Copying a few pages from the playbook of Apple Inc.'s iPhone strategy, which brings many of the powers of the internet to mobile phones, is no way to beat the computer interloper at its game.

But that's exactly what many of the world's biggest handsets makers are trying to do with new copycat phones and services that ape key features of the iPhone.

At Mobile World Congress in Barcelona, the world's biggest annual trade show for the wireless industry, Apple is everywhere and nowhere. The company avoids such events, preferring to unveil products at its own venues.

The handset business will produce more than a billion phones this year, but is suffering a crisis of confidence brought on by sharply changing business models that has only been exaggerated by the global economic slump.

"Imagination is expensive in a year such as this," said Richard Windsor, a technology analyst at the conference who is with Nomura Securities in London.

The giants of the phone industry - Nokia, Samsung Electronics Co Ltd, LG Electronics Inc., Sony Ericsson and HTC Corp. - are humbling themselves to copy a company whose phones account for only one per cent of handsets.

A year ago, phone makers with quick-acting design teams came out with the first touchscreen iPhone look-alikes. This year, they are going further by seeking to duplicate the iPhone's user interface software.

Privately, an executive with a major European telecommunications operator complains: "Everybody is trying to catch the iPhone. They are pushing things out to market that just aren't ready for prime-time".

Analysts say the clones often perform slowly and are less intuitive for users than the iPhone.

Case in point: South Korean phone maker LG Electronics introduced an entry-level smartphone using Microsoft Corp's Windows Mobile operating system and a new iPhone-like look called "3D S-Class User Interface."

The most obvious difference with the iPhone is that LG's GM730 gives users three-dimensional views of its features and applications, which appear like cubes rather than pages, as they do on the iPhone.

But a demonstration of the iPhone wannabe reveals a characteristic flaw familiar to personal computer users. LG's logo and then the Windows brand hang on the screen as five, 10, 15, eventually 30 seconds pass. The phone is booting up, just like a computer, but unlike many of the faster phones.

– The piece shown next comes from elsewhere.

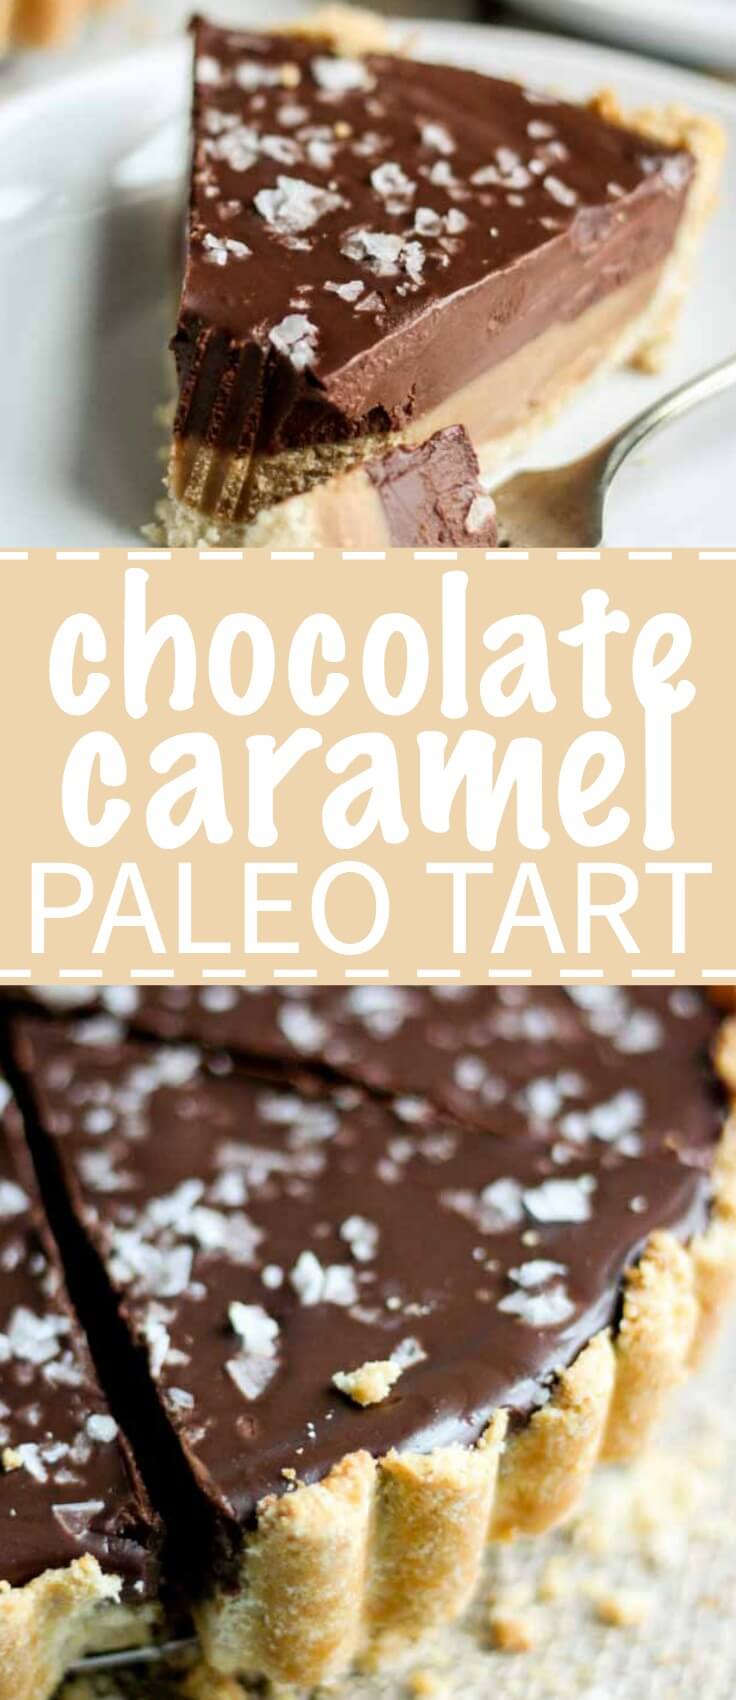 This chocolate caramel tart is paleo, gluten-free and vegan. Aka no refined sugar, no grains no unhealthy fats and yet, it has all the flavor and them some.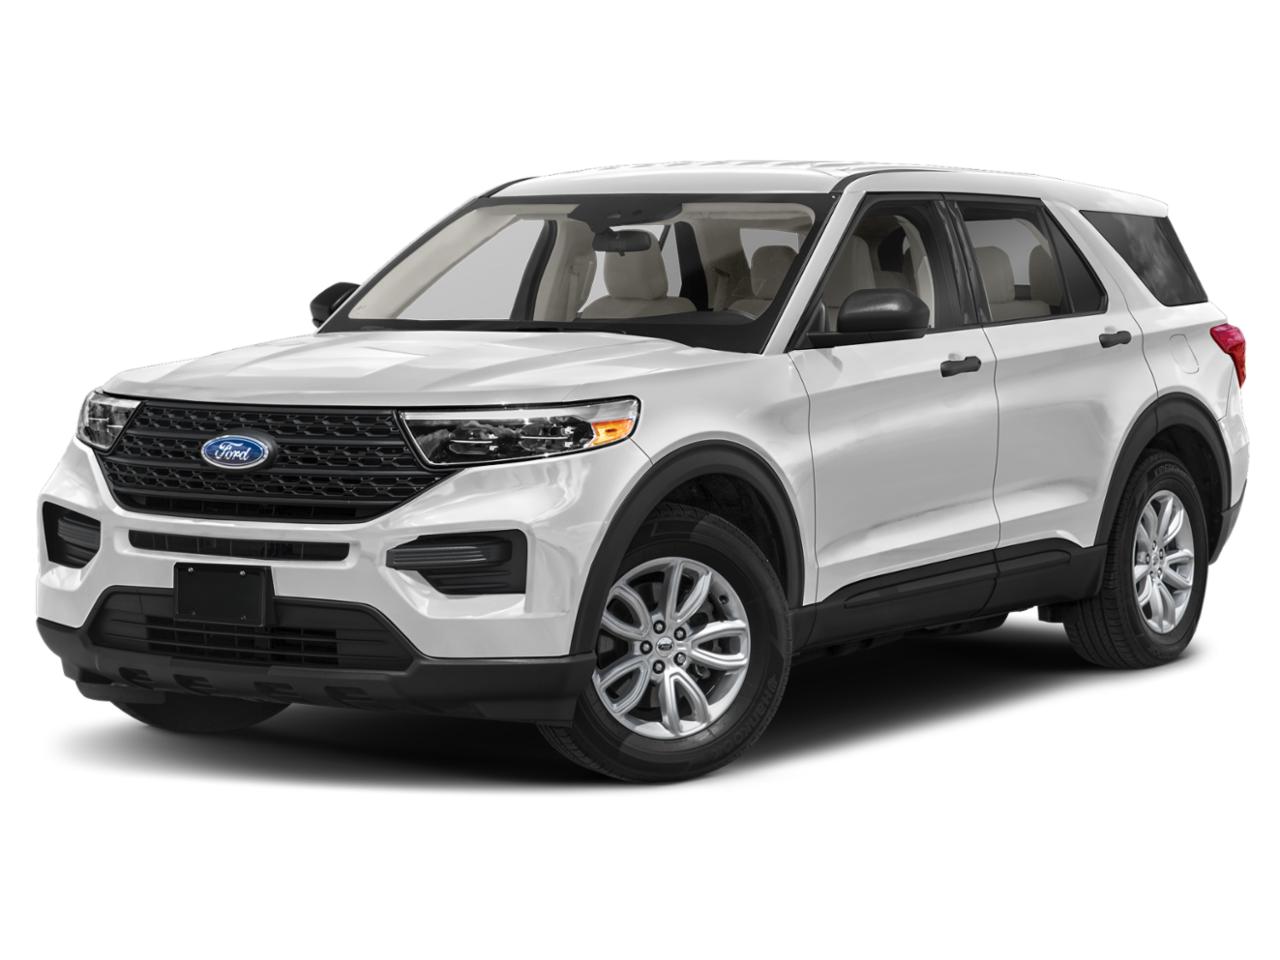 2020 Ford Explorer Vehicle Photo in Saint Charles, IL 60174

Apple has sought to scare away competitors by threatening legal action to defend the hundreds of patented ideas it has rolled into the iPhone. How rivals can work around such patents remains a big question.

The proliferation of "me-too" products is a trap because products must take shortcuts or sacrifice profit margins to undercut Apple on price. That digs equipment makers into a deeper hole because smartphones have been faster growing and more profitable than other handsets.